I have saved games to SD cards before but I got a new phone and and new SD card gave to me and I no longer have the option to save games to my SD card. Is it the kind of SD card? It also won't let me save on my Chromebook. I've check and the developer allows it to be saved, it's unlocked, formatted, and just ever thing. Is it the kinda card? Is there some out there you can't download games to? I have a game I have played forever I DL it on my last SD card and phone before and it won't let me on these. I don't have any other SD card now except this one. Also its Android and from the playstore. I don't want to DL one of those apps that lets you put whatever you want into an SD card. I want this issue fixed! Please help! Oh and I've got developer option opened up on my phone too...
Answers (1)
It's difficult to tell for sure without specifics (plus I'm pretty sure I don't understand how half the info is supposed to be pertinent to the matter), but I had a similar experience albeit on transitioning from likely a much older gen android (maybe 4 or 5); back then, having apps stored on the sd instead of memory was model dependent, and wasn't available for all apps. More recent android os versions now offer a general solution in the form of defining the sd as a permanent extension of the phone's memory. On the one hand, it's simple and portable; however, I'm not sure the extension is readily reversible, if at all, without reformatting the memory entirely (particularly for replacing the card), and in terms of independent storage it's ineffectual.

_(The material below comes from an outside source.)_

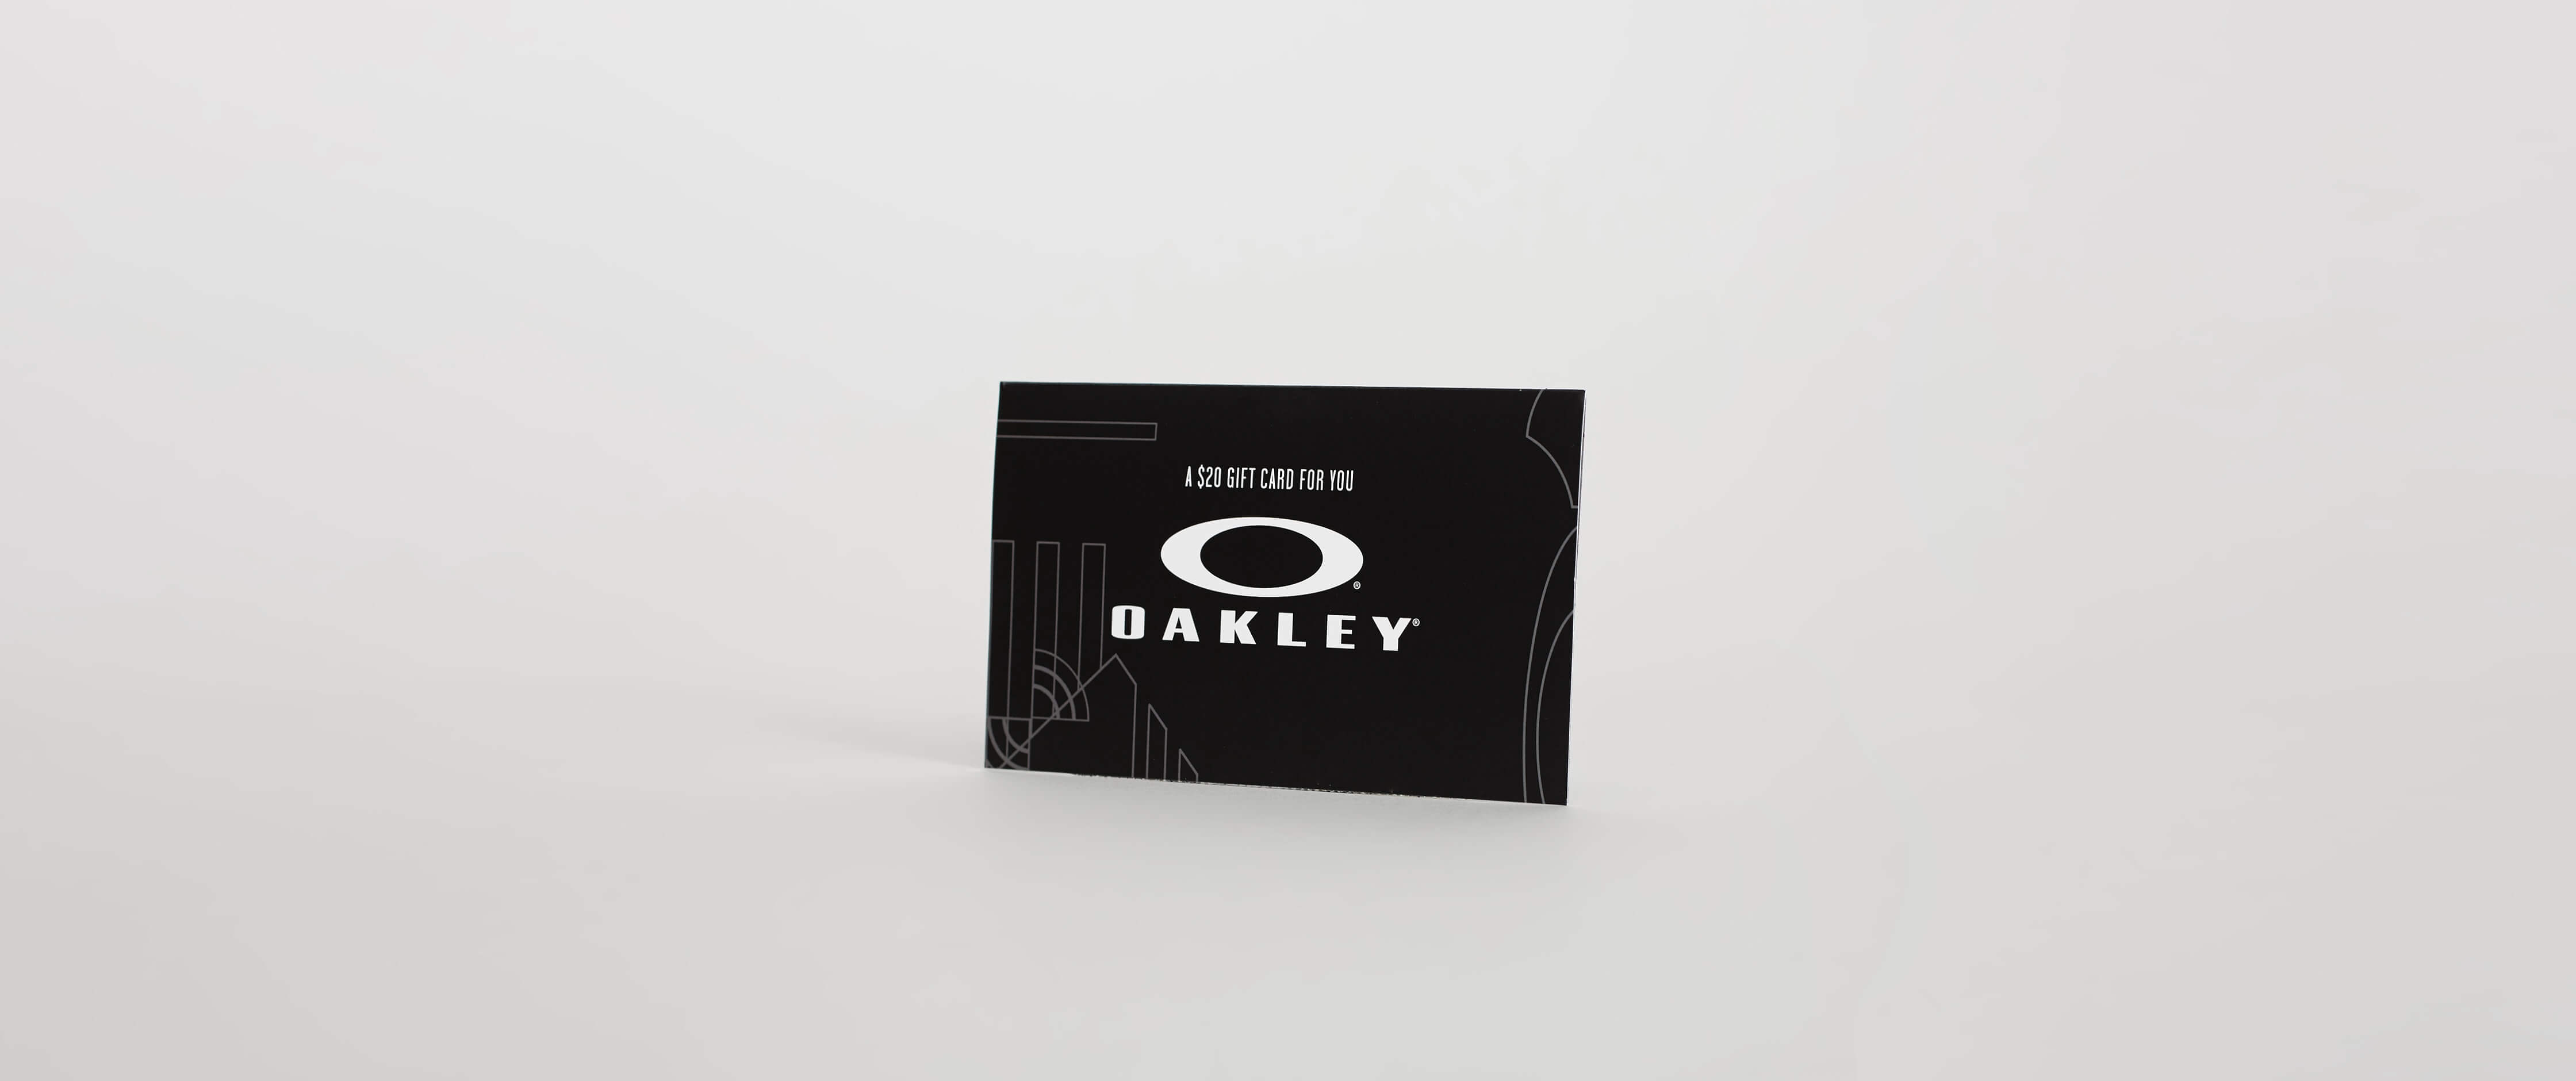 oakley gift card

I don't trust random apps either (plus due to the android permissions system alterations you can barely do anything cross app like this - even monitoring power consumption individually requires rooting), but if you're willing to fiddle with a few lines of code (on a superuser level), it's possible to create a backup of or restore installed apps' memory or apk to your computer, which ought to be a more reliable storage method. It's called adb, sort of android's external communication protocol in recent versions (built in, doesn't need rooting). Just look up a guide on how to backup android apps.
Otherwise, I don't really know what to tell ya. Android is open source and heavily influenced by google's whims (per my understanding), so that's really poor grounds for having a say in what direction the os takes. As a rule, user friendliness, full backwards compatibility, tech support rarely top the charts for devs.
At any rate, pretty sure it's not the card. That's just a dumb beast of burden.